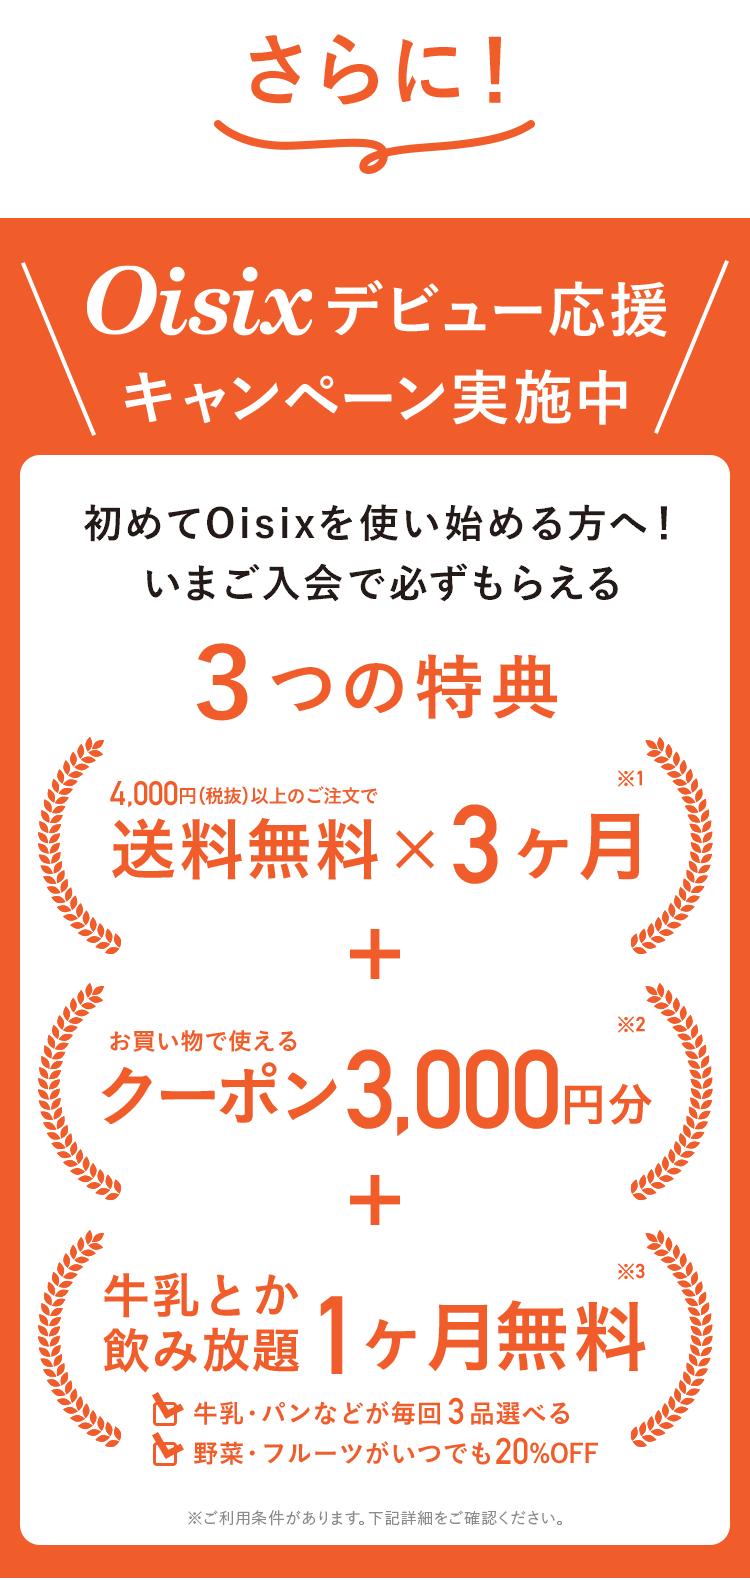 Oisixデビュー応援キャンペーン
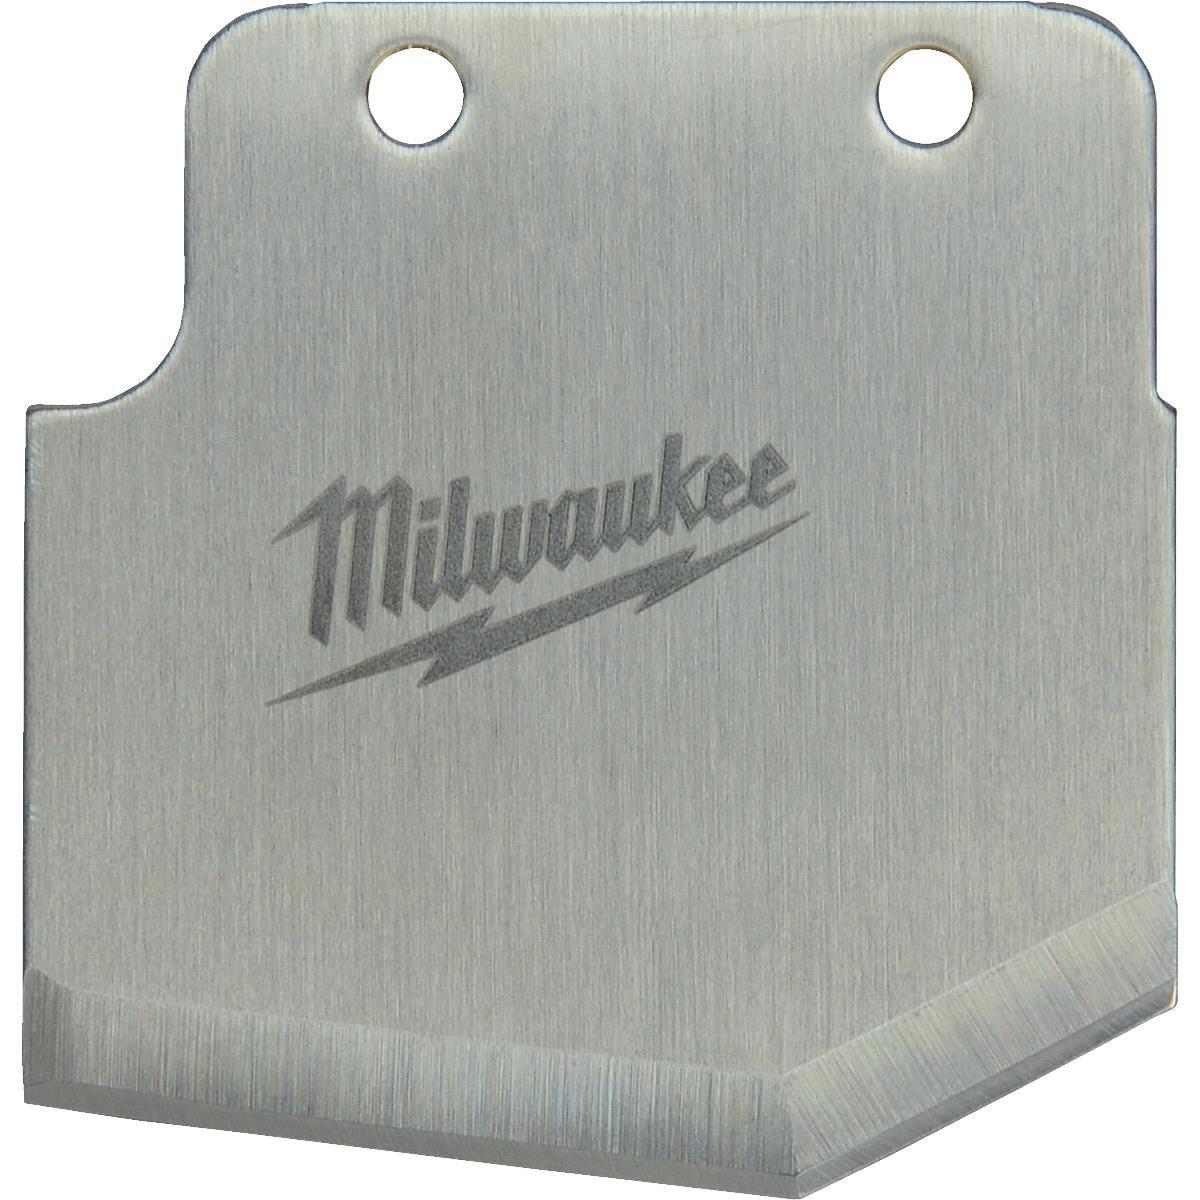 Milwaukee PEX/PVC Tubing Replacement Cutter Blade
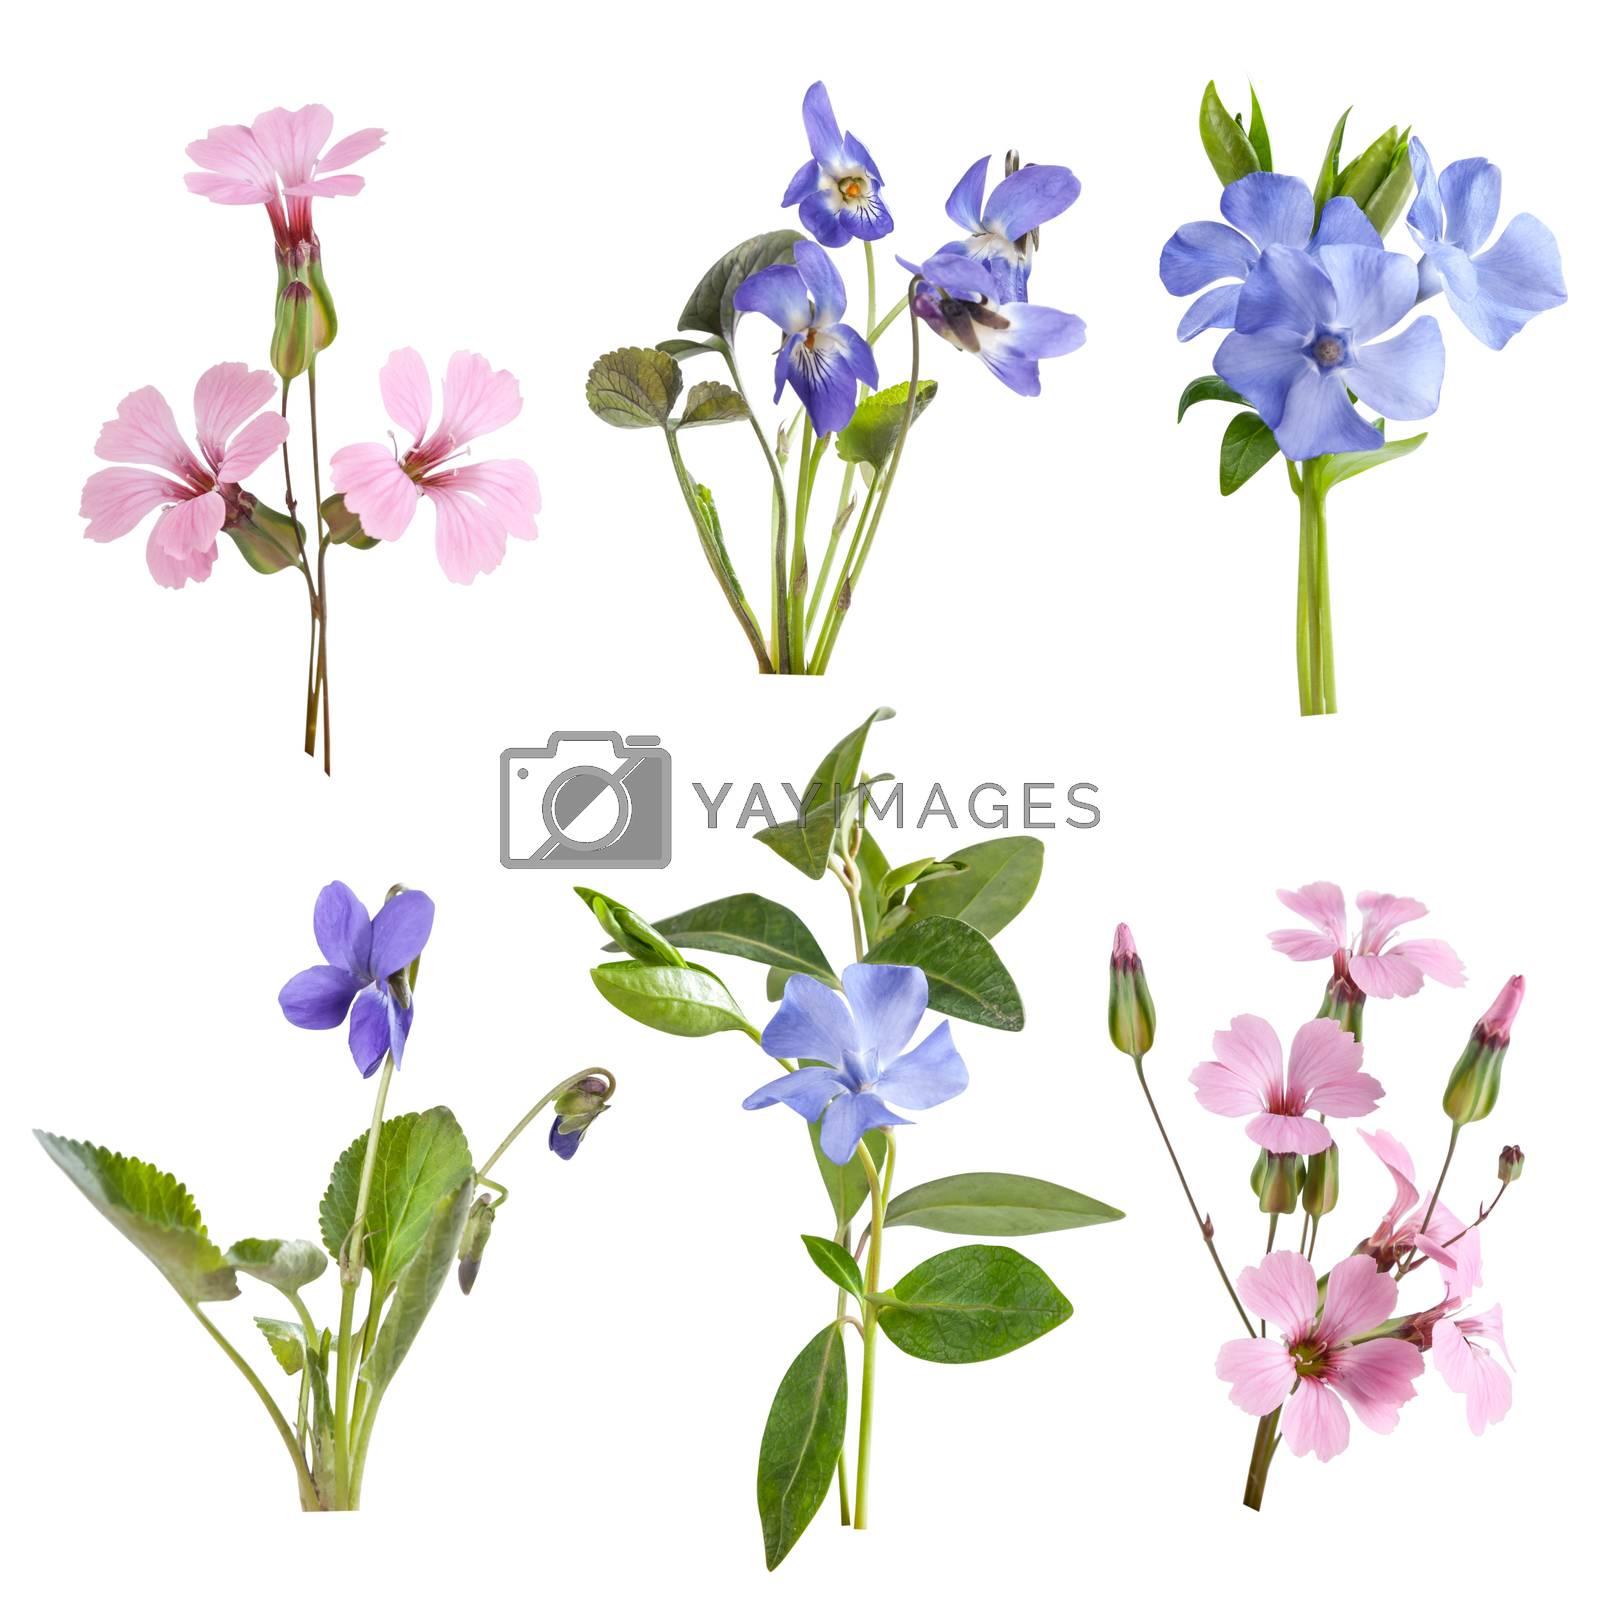 Wildflowers set isolated on white background
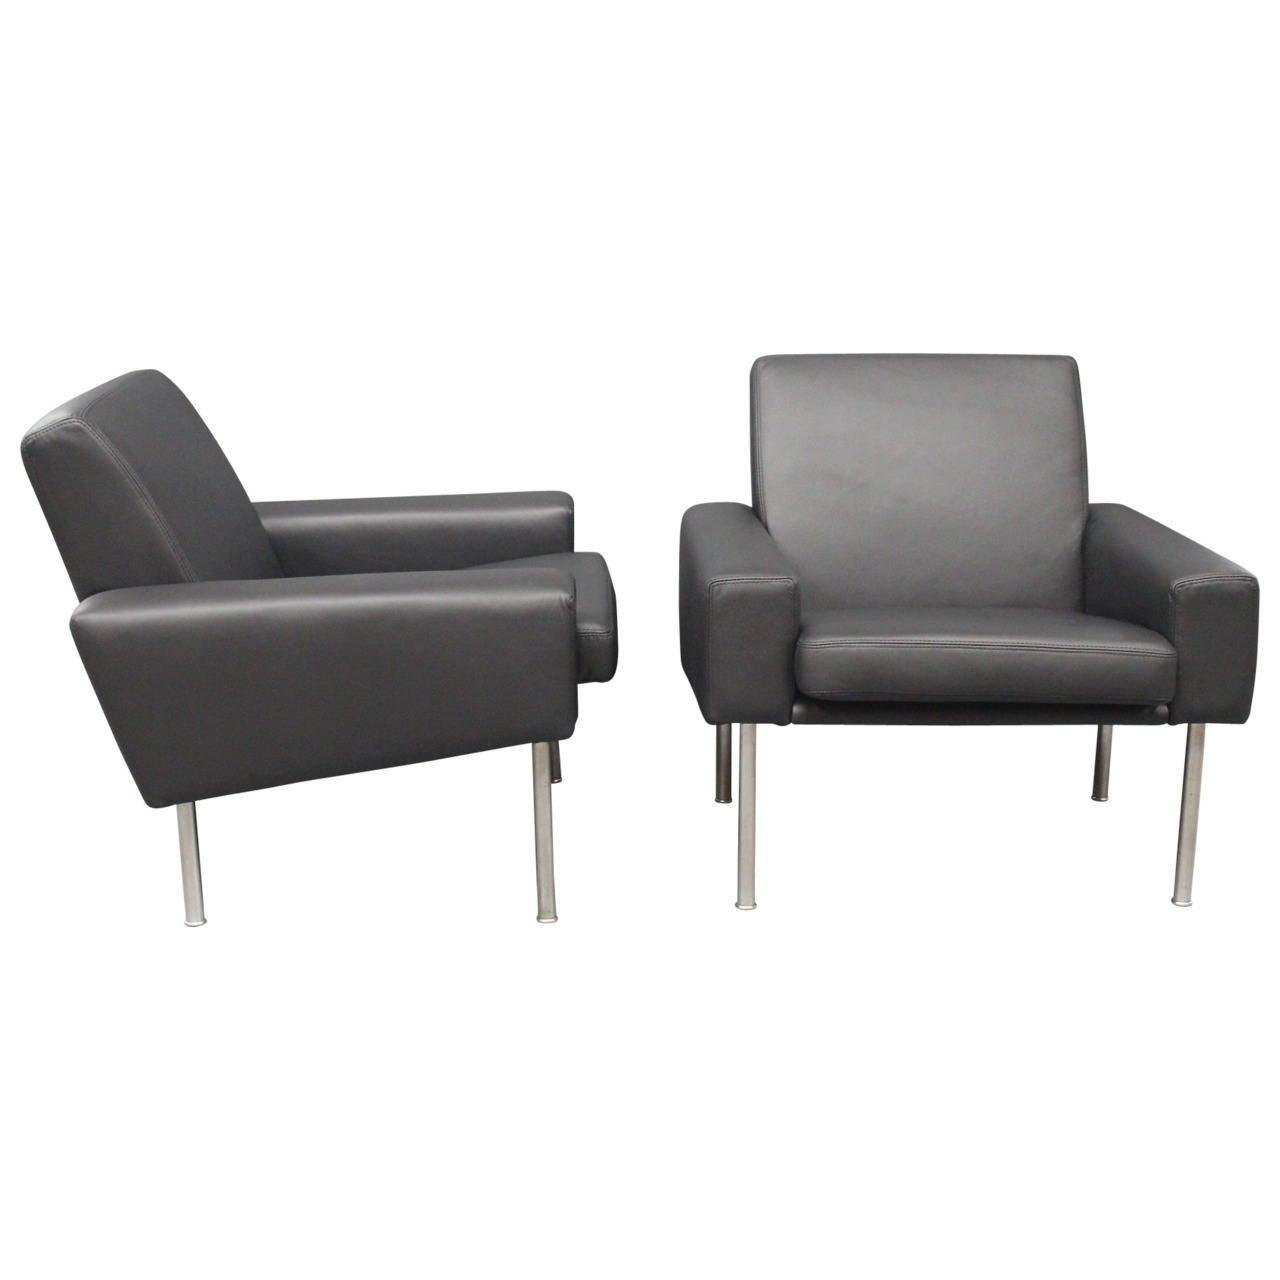 Pair of Lounge Chairs, Model 34/1, Black Savanne Leather by Hans Wegner, 1960
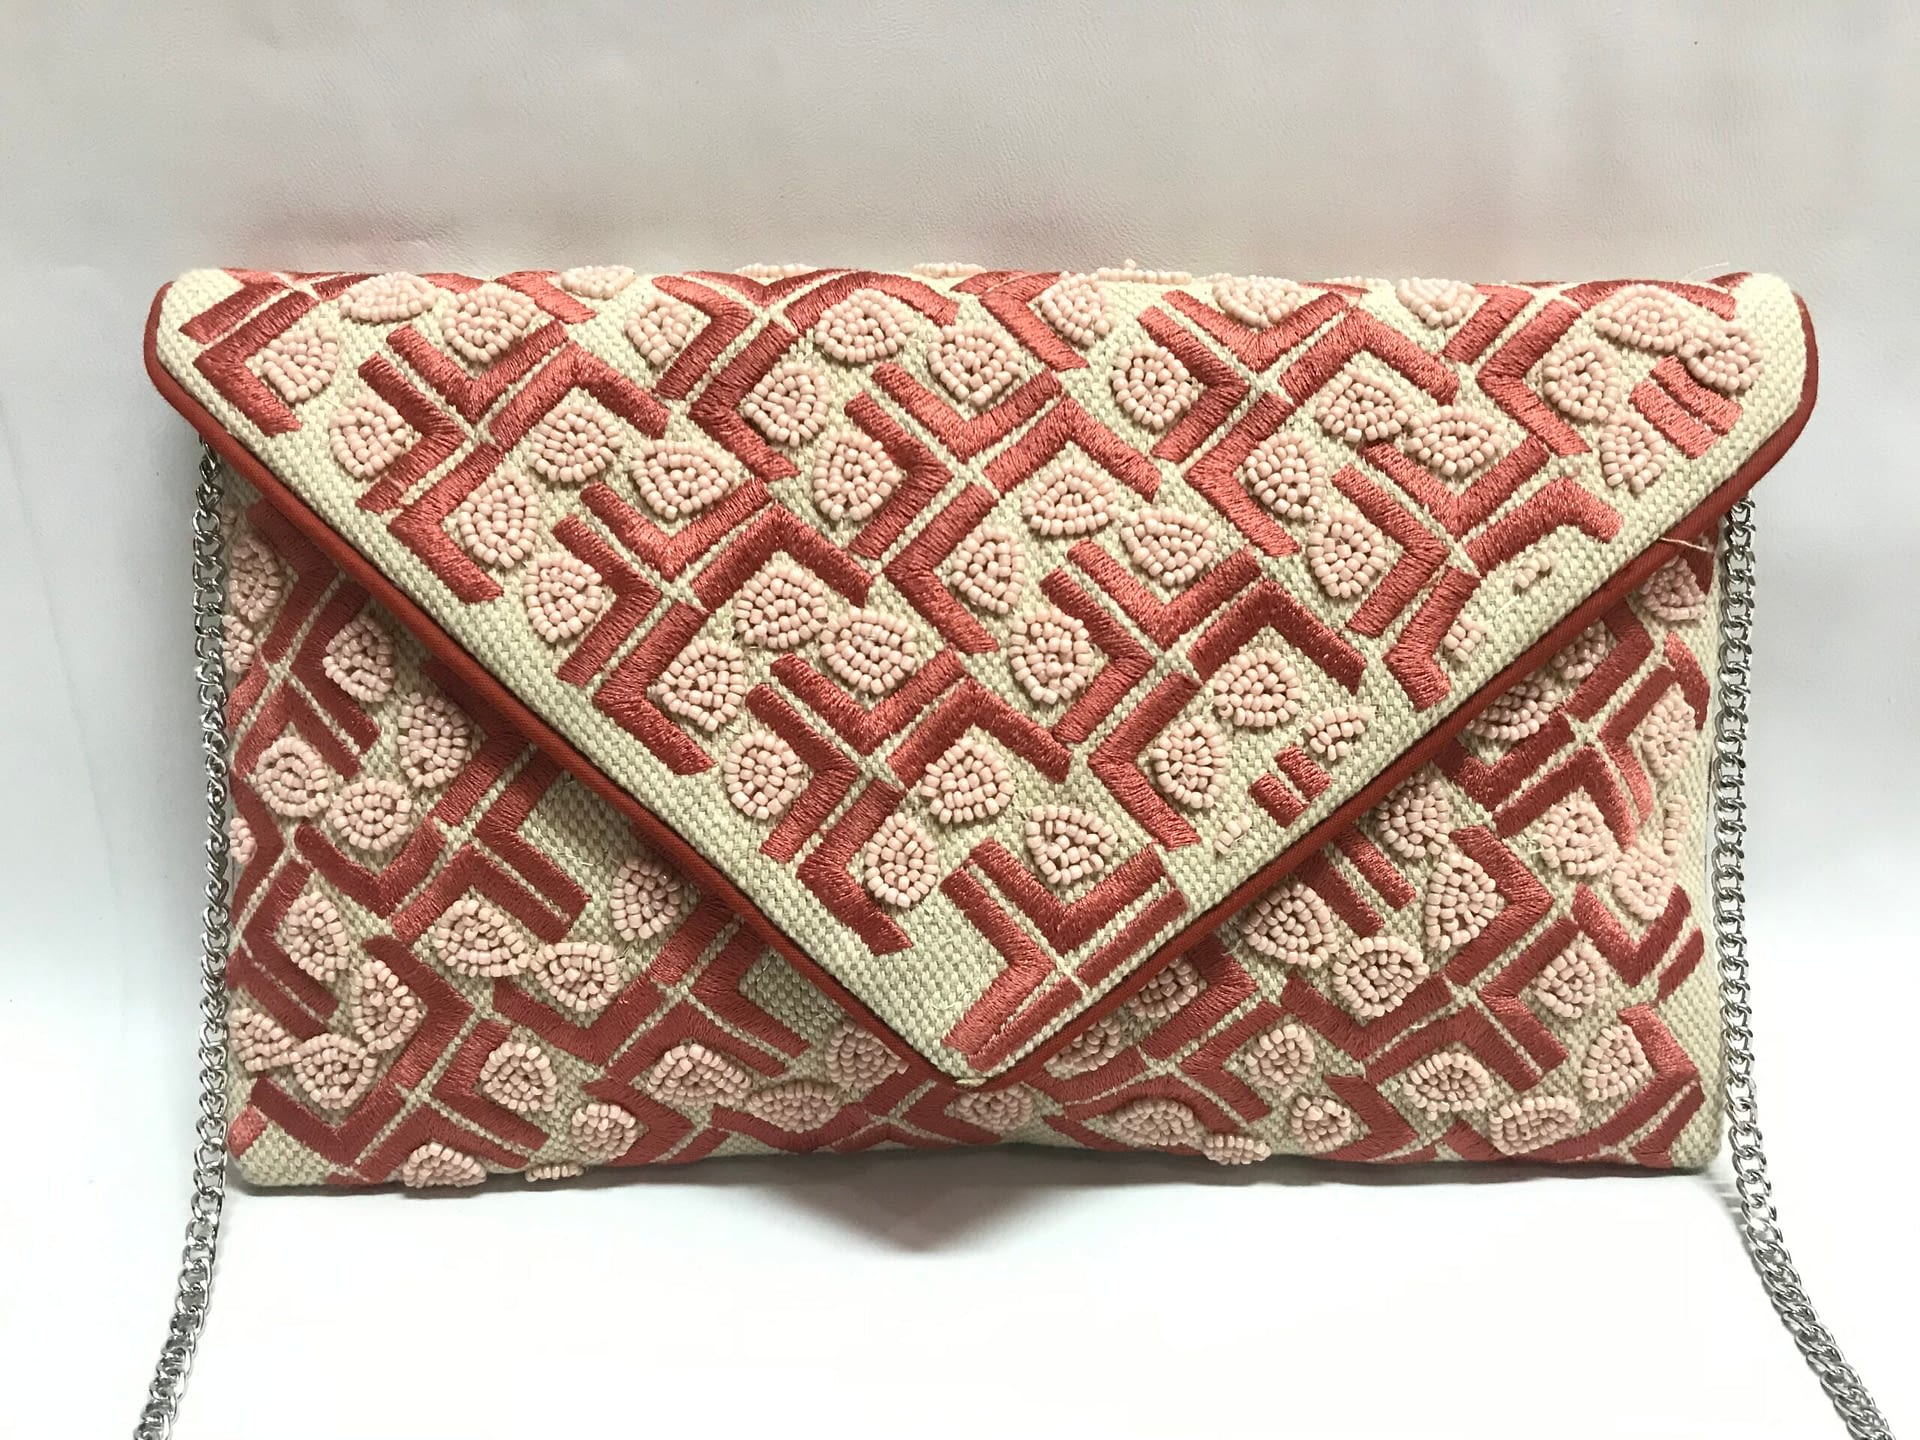 Evening Bag Women Bag Ikat Clutch Bag Ikat Bag Mini Bag Clutch Bag Silk Clutch Bag Ikat Handbag Women Clutch Bag
------------------------------------------------------------
■ **Instructions for the task**
Return the lines from the one containing "Pair of Lounge" through the last line of the records, both included, exactly as written and with no pictures.

■ **Result of this task**
 Pair of Lounge Chairs, Model 34/1, Black Savanne Leather by Hans Wegner, 1960
 Evening Bag Women Bag Ikat Clutch Bag Ikat Bag Mini Bag Clutch Bag Silk Clutch Bag Ikat Handbag Women Clutch Bag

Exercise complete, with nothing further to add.